The World Cup of M2M? Not quite

Published by Telefónica m2m Team m2m General, Consumer Electronics

With the attention of the world slowly shifting towards Brazil, the country where football is religion prepares to host in a matter of days the FIFA World Cup Tournament, we want to scrutinize FIFA’s use of technology and whether they have tapped into the vast possibilities IoT has to offer.

Two summers ago, during the 2012 Olympics, we did talk about how relevantly M2M technologies impacted the celebration of the event for the better.

The Olympic Games and the World Cup are the two biggest sports events in the world. So how do they compare in use of technology? They could not be more different.

Whereas the IOC is keen on innovation and applying it to the worldwide event, FIFA maintain a monolithic “old school” view of technology as something foreign that could harm part of the magic in the game.

UEFA president Michel Platini is a defender of some limited use of technology in football. The boss of the European football association, the most influential core member of FIFA, has managed to push forward an English FA Proposal to use goal line technology to assist refereeing despite internal resistance to change.

Two systems for goal line assistance have been approved by FIFA: one based on cameras like the already well known HawkEye (already massively successful in cricket and tennis) or the soon to become famous GoalControl on the one hand and another based on electromagnetics from GoalRef.

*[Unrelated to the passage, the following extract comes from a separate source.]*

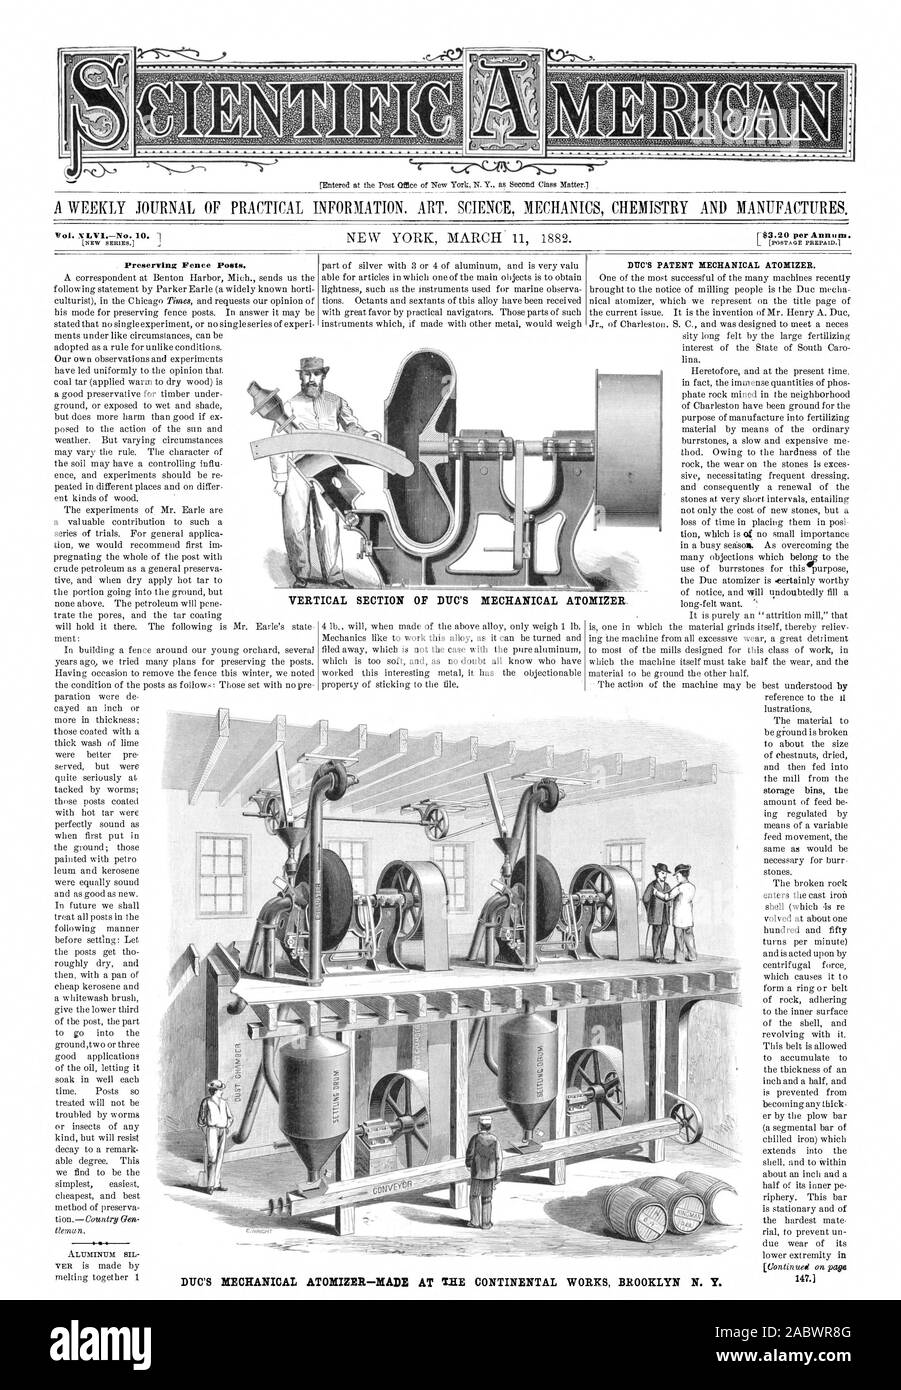 NLV1No. 10. 1 Preserving Fence Posts. DUC'S PATENT MECHANICAL ATOMIZER. VERTICAL SECTION OF DUC'S MECHANICAL ATOMIZER. DUC'S MECHANICAL ATOMIZER—MADE AT VIE CONTINENTAL WORKS BROOKLYN N. Y. 147.], scientific american, 1882-03-11 Stock Photo

GoalRef relies on low radiation electromagnetic fields installed beneath the goal surface, and wiring set inside the ball (adaptable to any modern football) plus an encrypted connection between the data hub and the referee’s wrist watch. If a so called “ghost goal” occurs, one that cannot be called with the human eye without doubts, the new technology can give the referee precise information to make the right call. Referees will gain real time assistance

The equally effective camera based solution selected for this World Cup is GoalControl. It is based on 7 high speed cameras strategically located that follow the position of the ball in every moment relaying the detected position of coordinates to a central server that in the event of a controversial play provide the referee with precise information of whether the play is a goal or not within one second through an encrypted message to his watch.

A type of the M2M wearables that is bound to become central in usefulness for players, clubs and supporters alike are the combination of connected clothes and how they tie into Big Data.

Still only being marginally used, most top flight teams have crews that monitor player interaction in a match using sensors or with camera systems that track player moves. This footage/data is restricted club material and is later used by the coaching staff to assess players on tactics and moves.

In the future (already available) M2M technology may provide heat maps, possession stats, and team and player information compiled with sensors in the players’ boots and jerseys. The only reason blocking this is FIFA’s unwillingness to allow technology to enrich the game.

But times change and even FIFA once unmovable view of technological blockade is coming to an end. Maybe it is too late to be enjoyed in this World Cup but the future will give spectators and TV audiences real time in depth analytical information of how well a team or a player is performing (or not). This customized sports broadcast that provide rich and useful real-time information directly to viewers’ phones or tablets will allow us to enjoy a richer viewing experience that other sports like NFL Football or Formula 1 already make use of.